Unum paid about half his salary, $50,000, for one year before they cut him off. Now he receives $1,800 per month from social security. Nguyen says he was born in 1950 (he couldn’t figure out his age when asked) and planned to work for many more years.

“I didn’t want to retire at this age,” he says. I worked 19 years for that company. I just don’t know why they treated me so badly. I worked very hard for them, six days a week, sometimes 60 hours a week without any overtime pay. When they laid me off it felt like they killed me. Everyone I talked to were mad with Northrop Grumman for getting rid of me. They are still very upset but what can they do?“

On its website, Northrop Grumman says corporate responsibility is key and it “takes pride in conducting our business with a broad perspective, taking into account our employees.” Wait, there is more.

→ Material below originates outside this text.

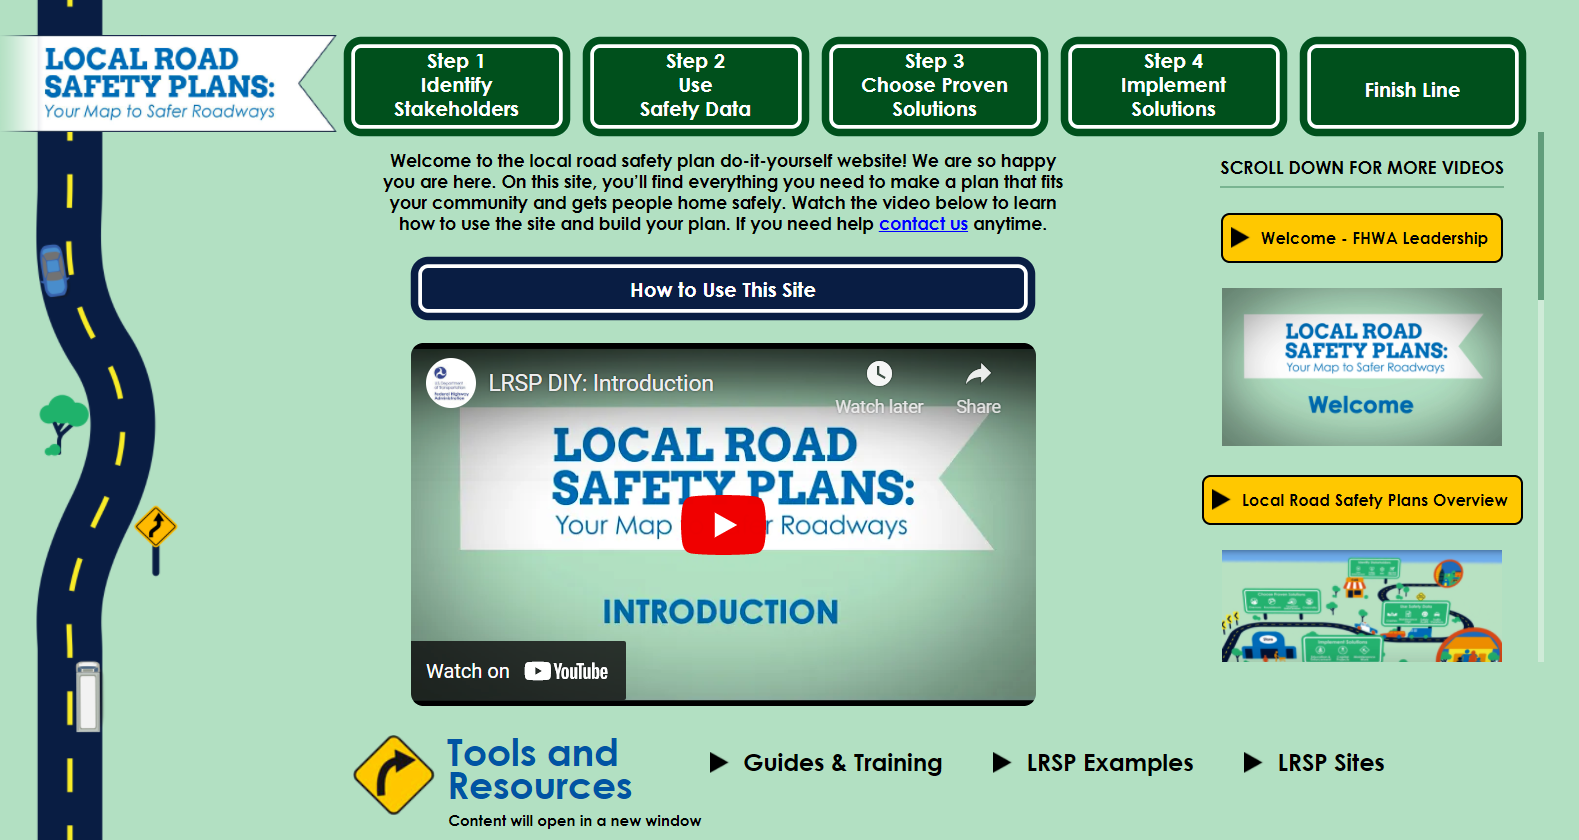 FHWA Local Road Safety Plan website screenshot and video link.

“We remain committed to maintaining the highest of ethical standards…and becoming an ideal corporate citizen…acting with integrity in all we do, valuing our people...and our commitment to our employees, our customers and the communities in which we live and work. As we continue to grow and evolve, the responsibility we feel to serve our communities and help those in need grows with us.”

According to the way this company and Unum treated Hoang Nguyen, the above statement couldn’t be further from the truth. LaywersandSettlements asked Northrop Grumman to comment on Hoang Nguyen’s termination. They did not respond.